Private contractor to lead search for MH370, says report

May 26, 2014 - via Joint Agency Coordination Centre

The Bluefin-21 Autonomous Underwater Vehicle is craned over the side of the Australian Defence Vessel Ocean Shield in the southern Indian Ocean during the continuing search for the missing Flight MH370, April 17, 2014. — Reuters pic

KUALA LUMPUR, May 26 — A private contractor will be engaged to help the search for the missing flight MH370, as recovery teams struggle to find evidence of the plane’s whereabouts after 80 days since it disappeared on March 8.
The Wall Street Journal reported that a public tender will be issued to bring on one contractor to coordinate an expanded undersea search covering 60,000 square kilometres in a remote part of the Indian Ocean.

Citing a person familiar with the search, the daily said the successful bidder in the two-month long tender process will be put in charge of building a team of ships, crew and technology to search for the missing Malaysia Airlines-owned plane.

The report added that the tender documents will outline basic information that includes the area to be explored, available funds and the time frame for the search, though applicants can come up with their own strategies to find the plane.

There, however, was not mention of how much money will be made available for the tender.

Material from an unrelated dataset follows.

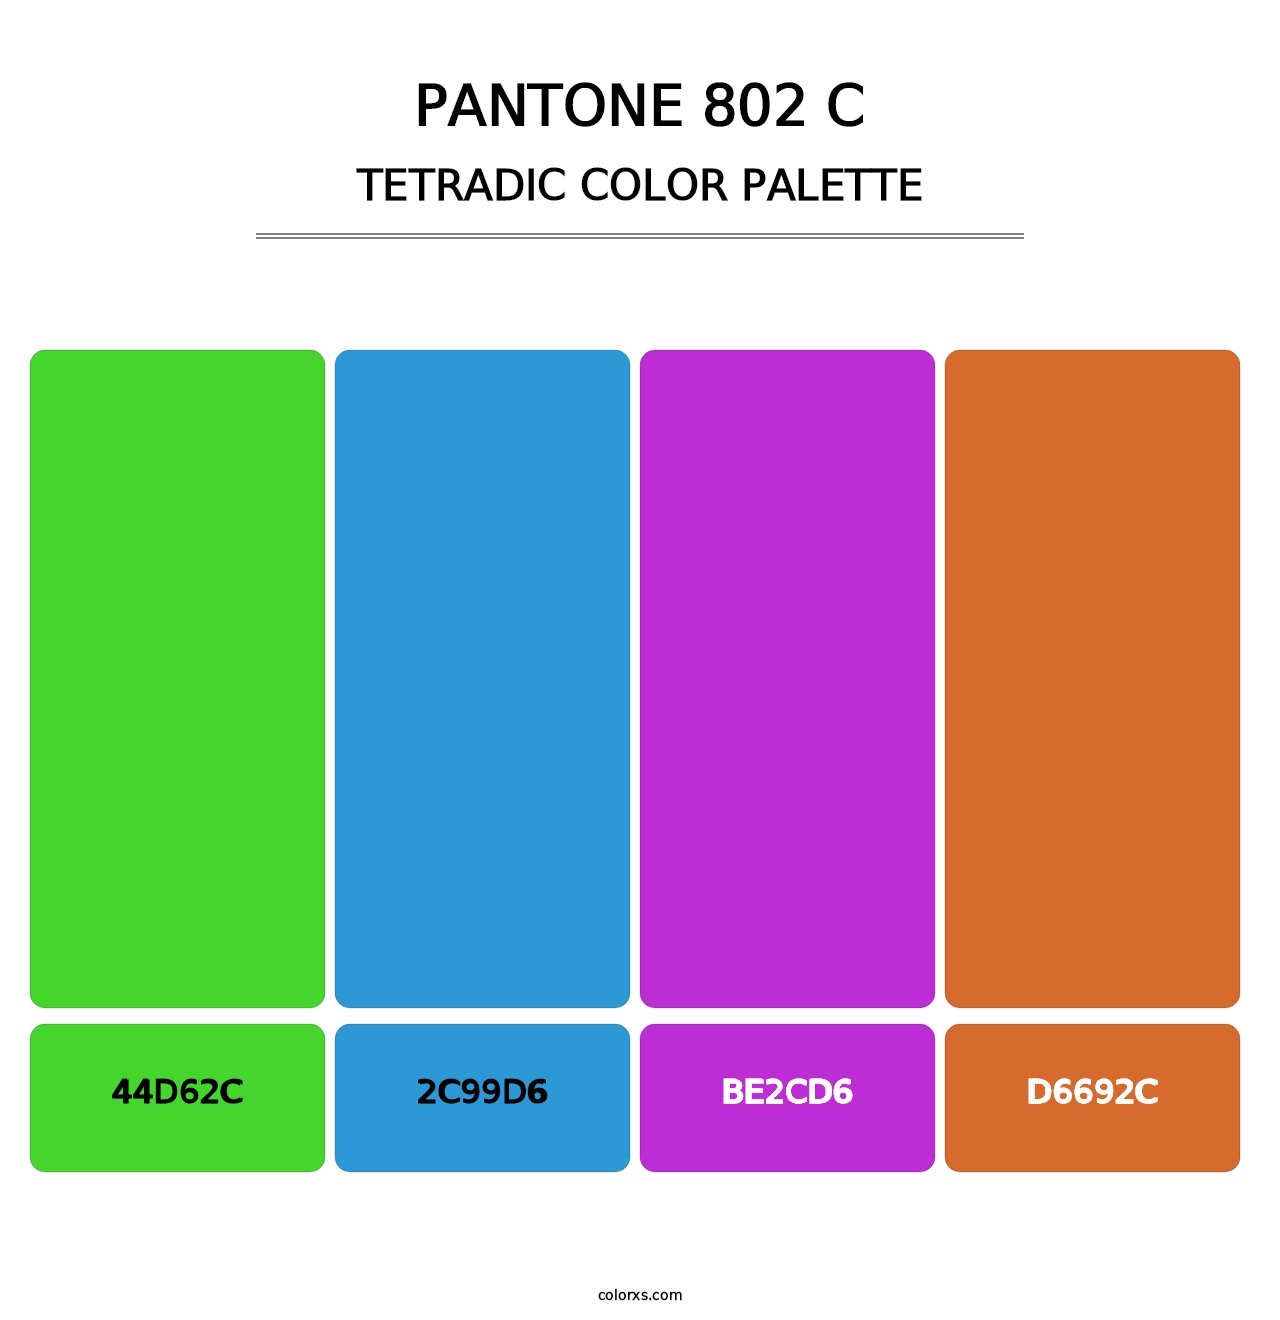 PANTONE 802 C - Tetradic Color Palette

The ongoing search for flight MH370 is considered the longest and most expensive in the world’s aviation history, with Reuters estimating costs to have hit RM141 million for the first month alone.

This was the same amount spent on several searches over a two-year period for Air France’s flight AF447, which crashed into the mid-Atlantic in 2009, the news wire added.

Australia, which is leading the search for MH370, has committed a ceiling amount AU$89.9 million (RM272.3 million) for the next two years.

The Beijing-bound jetliner carrying 239 people went missing not long after taking off from the Kuala Lumpur International Airport, sparking the largest international search mission the world has seen in the history of aviation disasters.

Satellite and radar data have indicated that the jetliner went down in the wild waters of the Indian Ocean, thousands of miles away from the plane’s original flight path to Beijing.

Despite a massive international search in the Indian Ocean, no trace of the missing Boeing 777 has been found.